Interpreting this, I can build a list of links for this item, and build the text output and labels. Want to change the label shown to the end user? Just change the “prompt” value, and your text label is changed. Want to support internationalization? Easy, just handle this on the server side. Want to provide additional links? Just add new links in the “links” array, and your client can automatically build them out.

In one recent application, we built a client API that automatically followed first-level item collection links and displayed the results as a “master-detail” view. A newer version of the API that added a new child collection didn’t require any change to the client – the new table automatically showed up because we made the generic client controls hypermedia-aware.

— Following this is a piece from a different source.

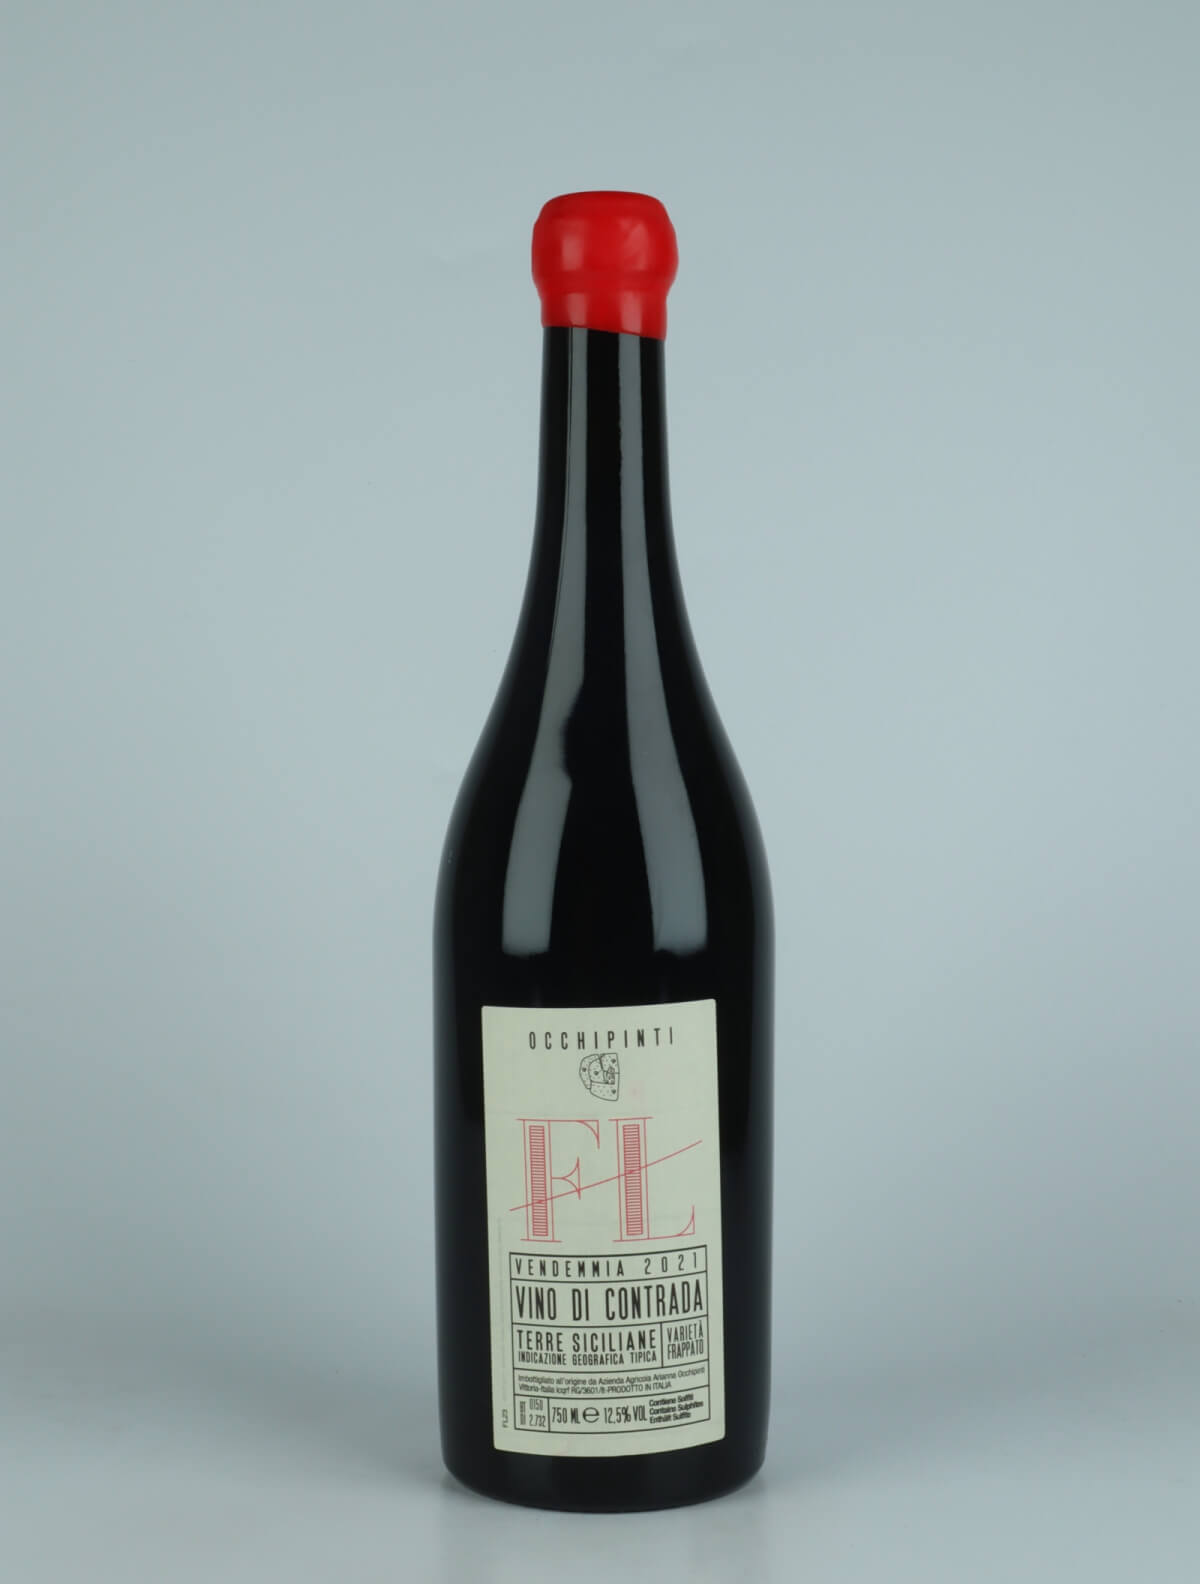 A bottle 2021 Fossa di Lupo Red wine from Arianna Occhipinti, Sicily in Italy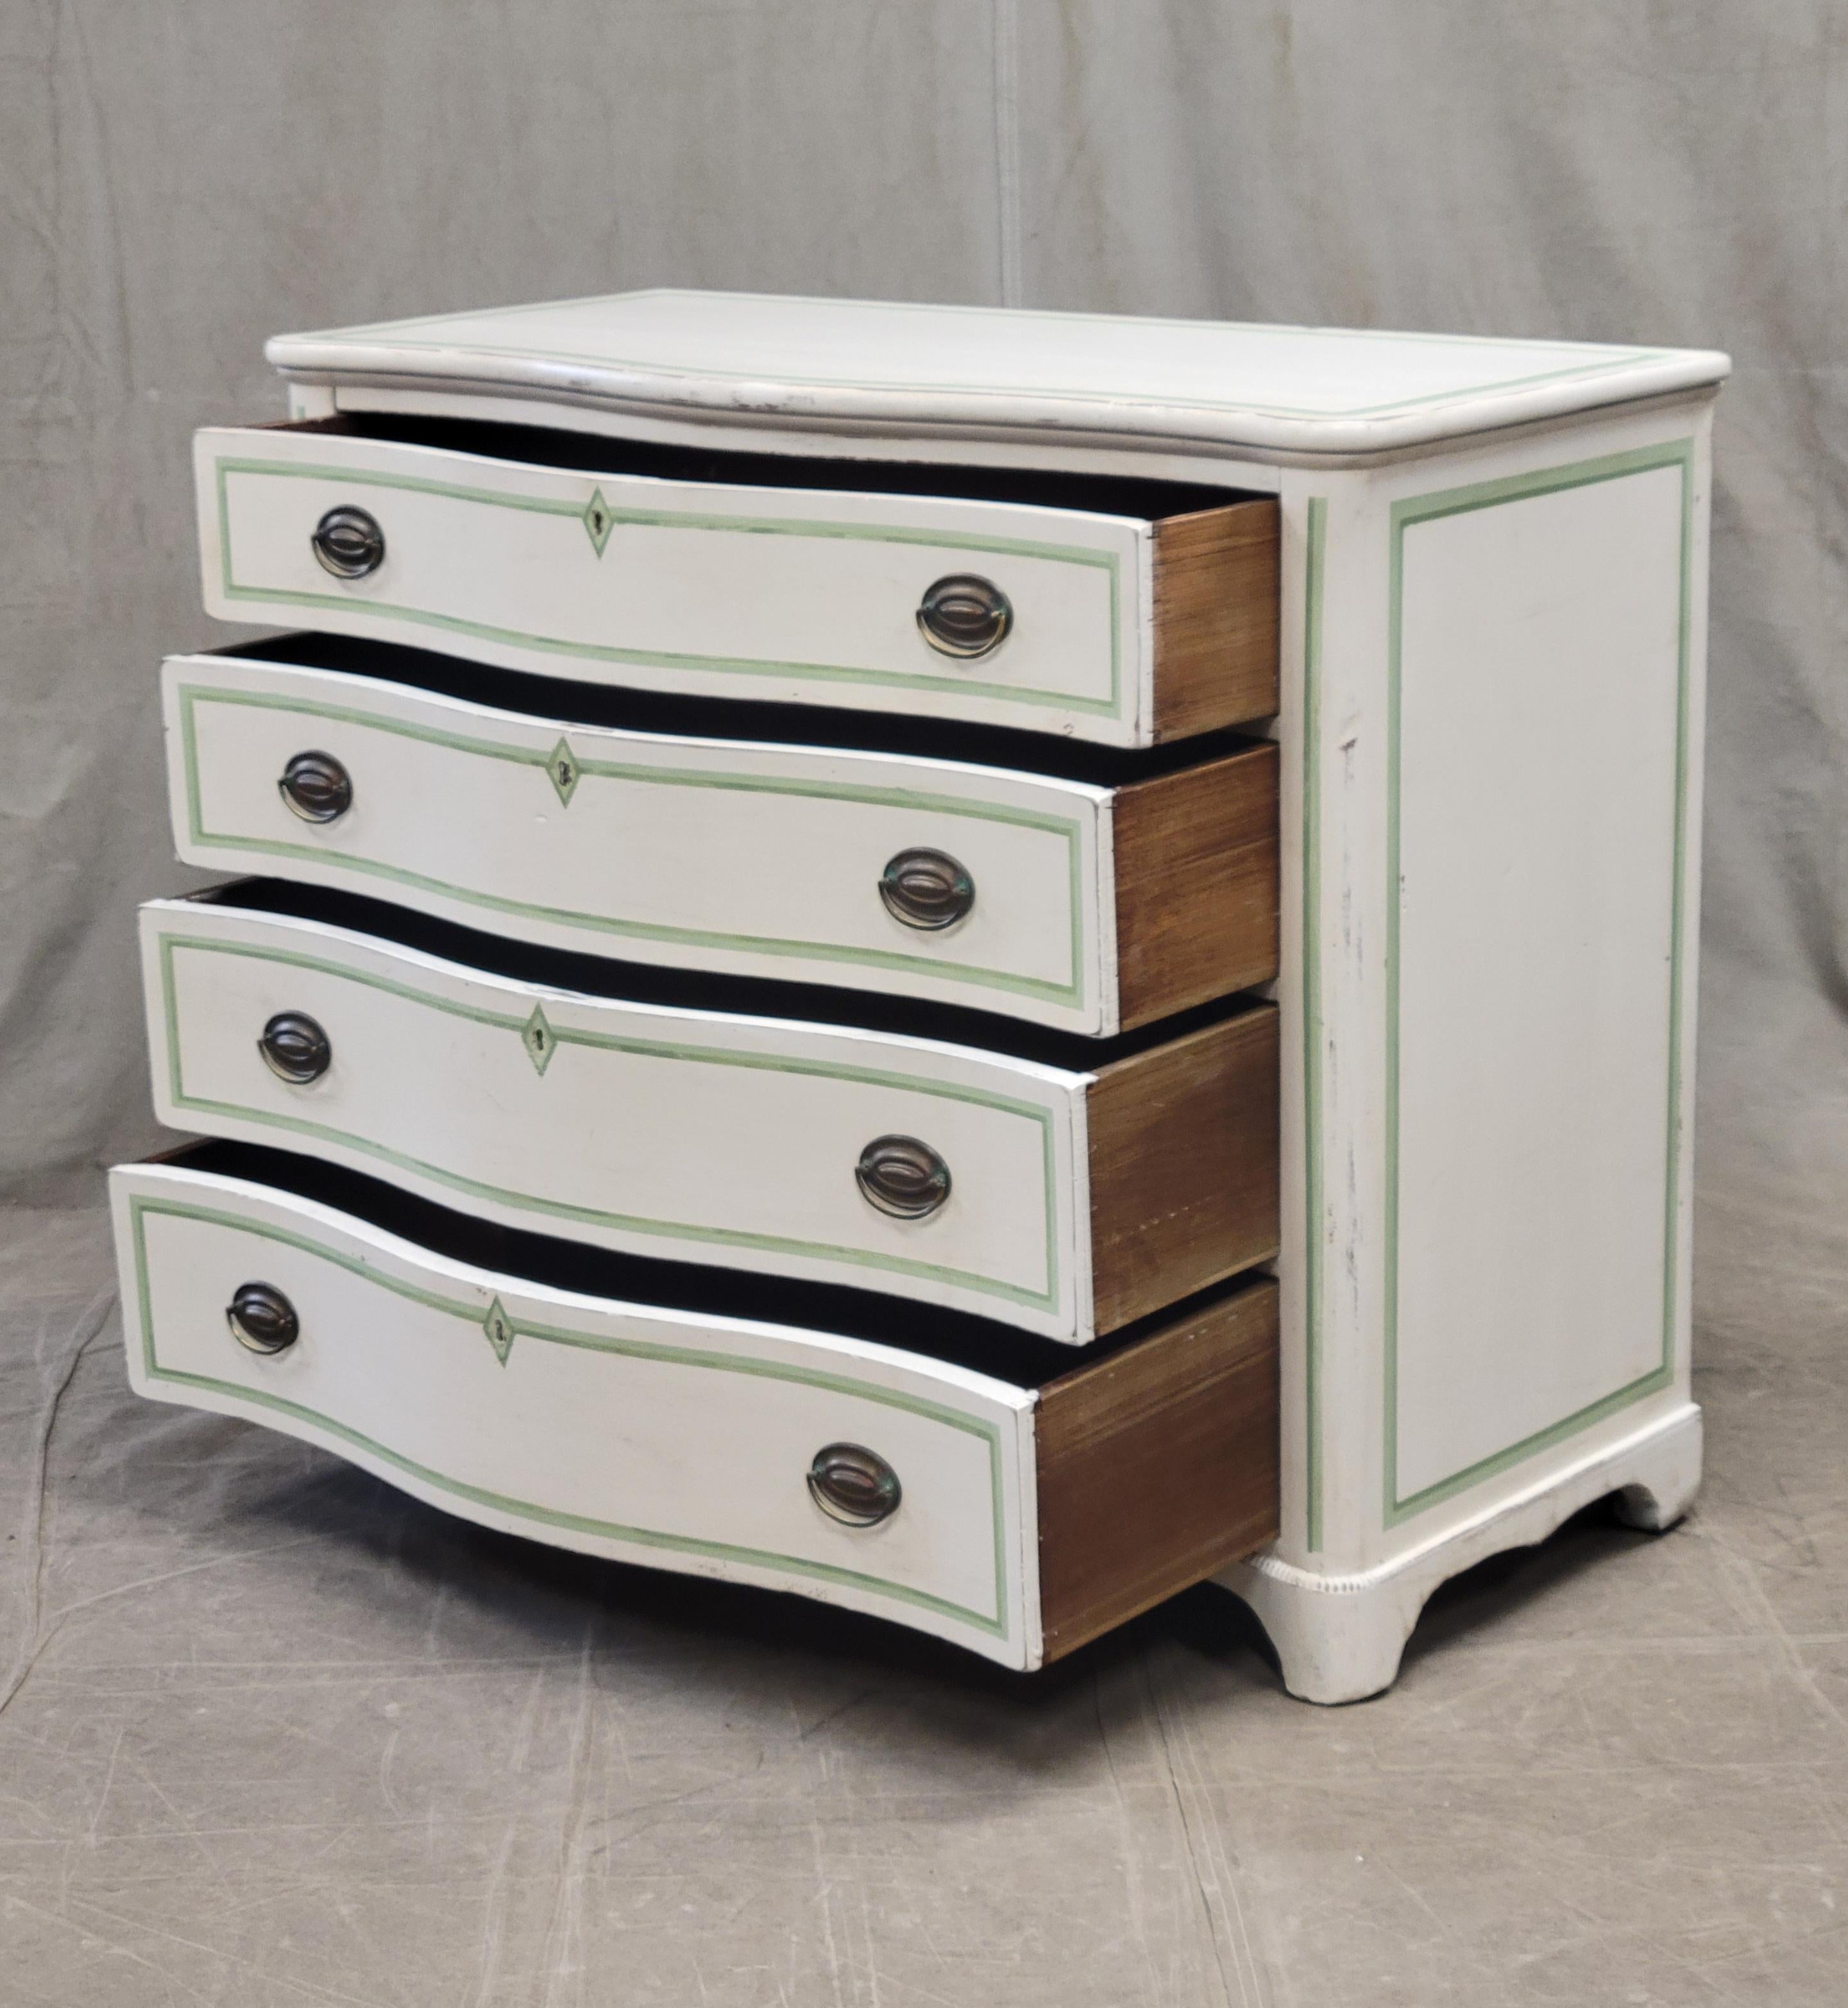 Neoclassical Antique Serpentine Front Dresser Painted White With Green French Line Motif For Sale

This did require an investment in our clients, but it was a small price to pay to allow clients to react to the server API, instead of having their implementation coupled to an understanding of the API that could be out-of-date, or just wrong.

The rich hypermedia formats are quite numerous now:

The real challenge is building clients that can interpret these formats. In my experience, we don’t really need a generic solution for interaction, but rather individual components (links, forms, etc.) The client still needs to have some “understanding” of the server, but these can instead be in the form of metadata rather than hard-coded understanding of raw JSON.

Ultimately, hypermedia matters, but in far fewer places than are today incorrectly labeled with a “RESTful API”, but is not entirely vaporware or astronaut architecture. It’s somewhere in the middle, and like many nascent architectures (SOA, Microservices, Reactive), it will take a few iterations to nail down the appropriate scenarios, patterns and practices.